Research surrounding data science and artificial intelligence foundations are critical to advancements in this field. This research includes computing, high-dimensional statistics, machine learning, network analysis, signal processing, information theory and optimization. These areas make up the core data science fields of computer science, engineering, mathematics and statistics.
This research provides the theoretical and methodological backbone for all other areas of data science and artificial intelligence research.
Natural Artificial Intelligence at the Onset of Chaos
Principal Investigator: James Crutchfield, distinguished professor, Physics
In natural systems, complexity arises at the onset of chaos. Crutchfield and his team are exploring how this same complexity transition occurs in learning algorithms applied to complex data. They are working to bridge the mathematical theory of structural complexity, on the one hand, and modern machine learning (ML) and data exploration applied to complex data, on the other.
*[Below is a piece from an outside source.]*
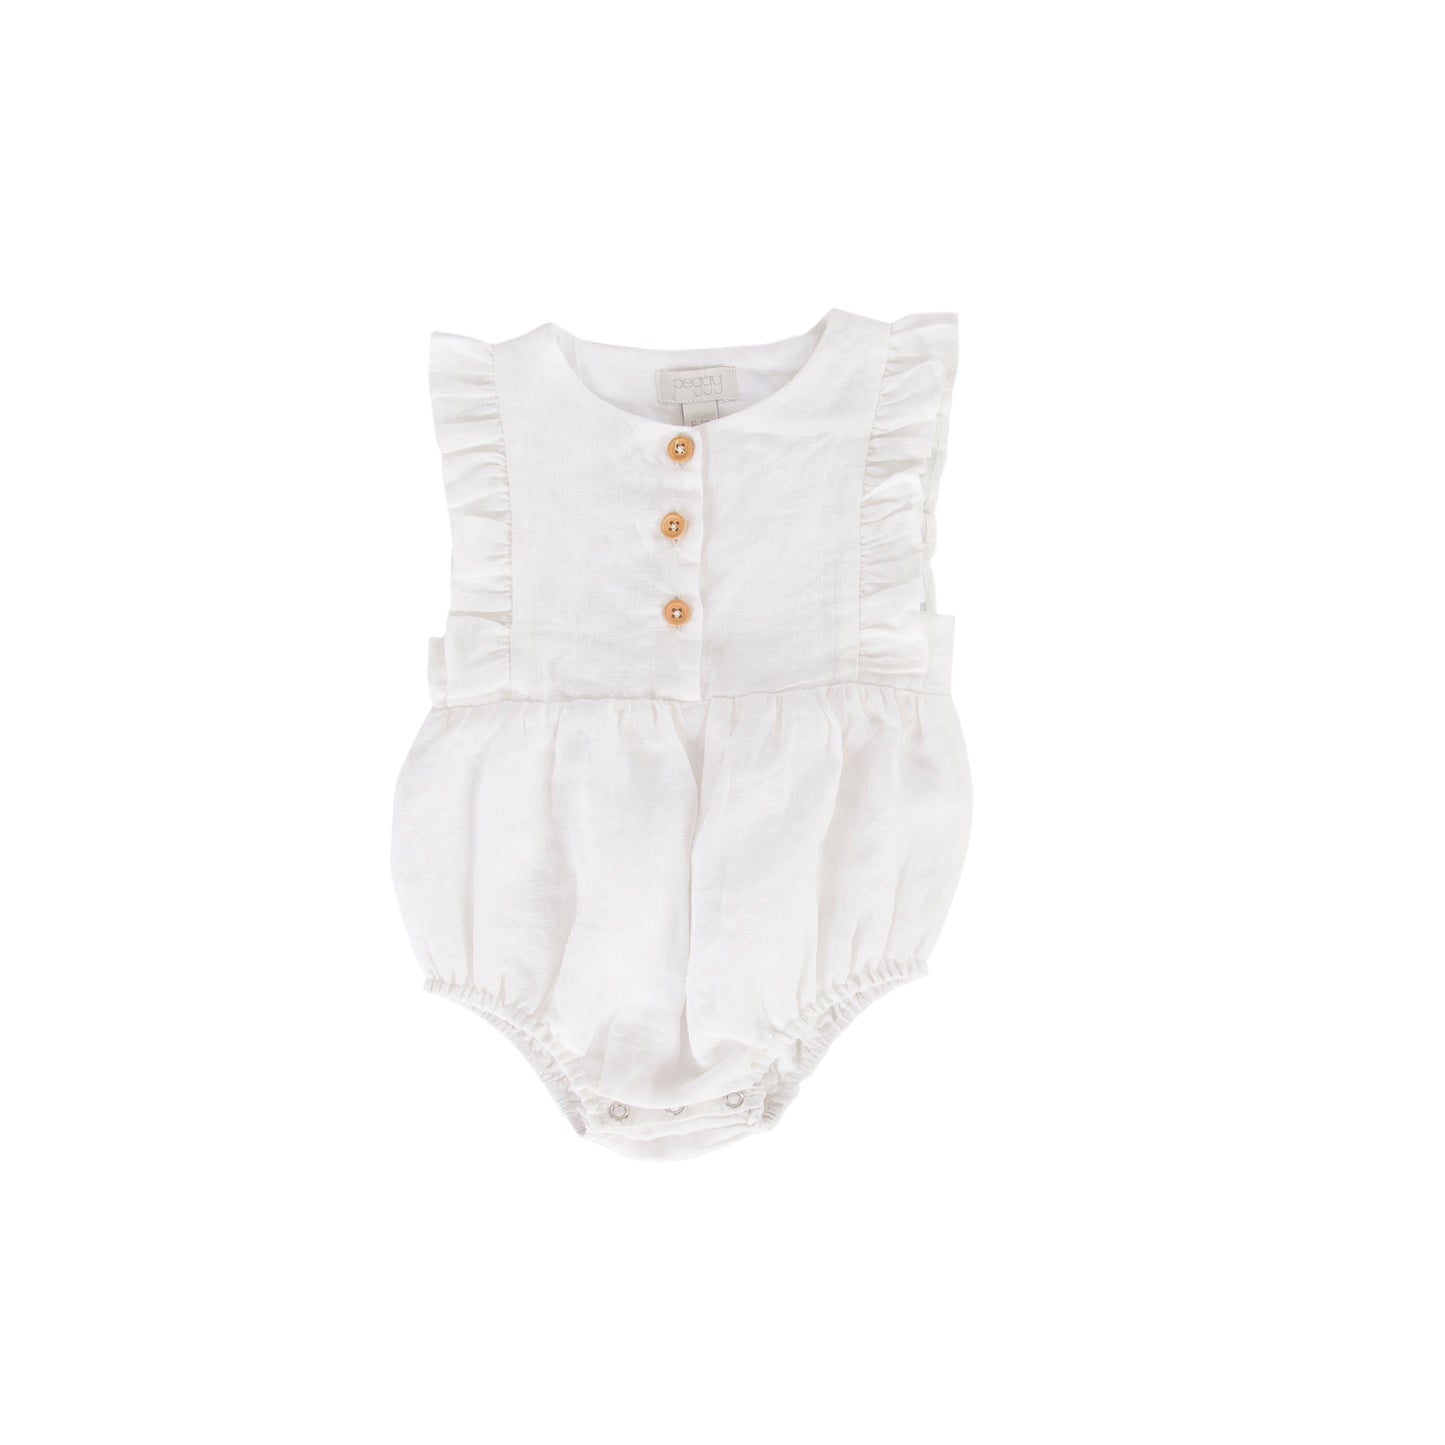 August Playsuit White Cotton/linen - Essential collection

Success in this exploration will lead to novel mathematical foundations for Data Science, addressing the failure of machine learning to account for the structural information and long-range statistical dependencies spontaneously generated by complex systems. These novel foundations will enable future generations of machine learning and artificial intelligence to automatically discover structure and organization in natural complex systems.
Nonsmooth Riemannian Optimization for Online Learning
Principal Investigator: Shiqian Ma, associate professor, Mathematics
Ma and his team are investigating a class of efficient nonsmooth Riemannian optimization algorithms for solving two fundamental problems in data science: robust subspace recovery and orthogonal dictionary learning, both with online data.
This team is developing new Riemannian optimization algorithms, studying their theoretical guarantees, and addressing their scalability in the online learning setting. These new tools have the potential to explore structured or unstructured online data such as text, images, video, and audio data.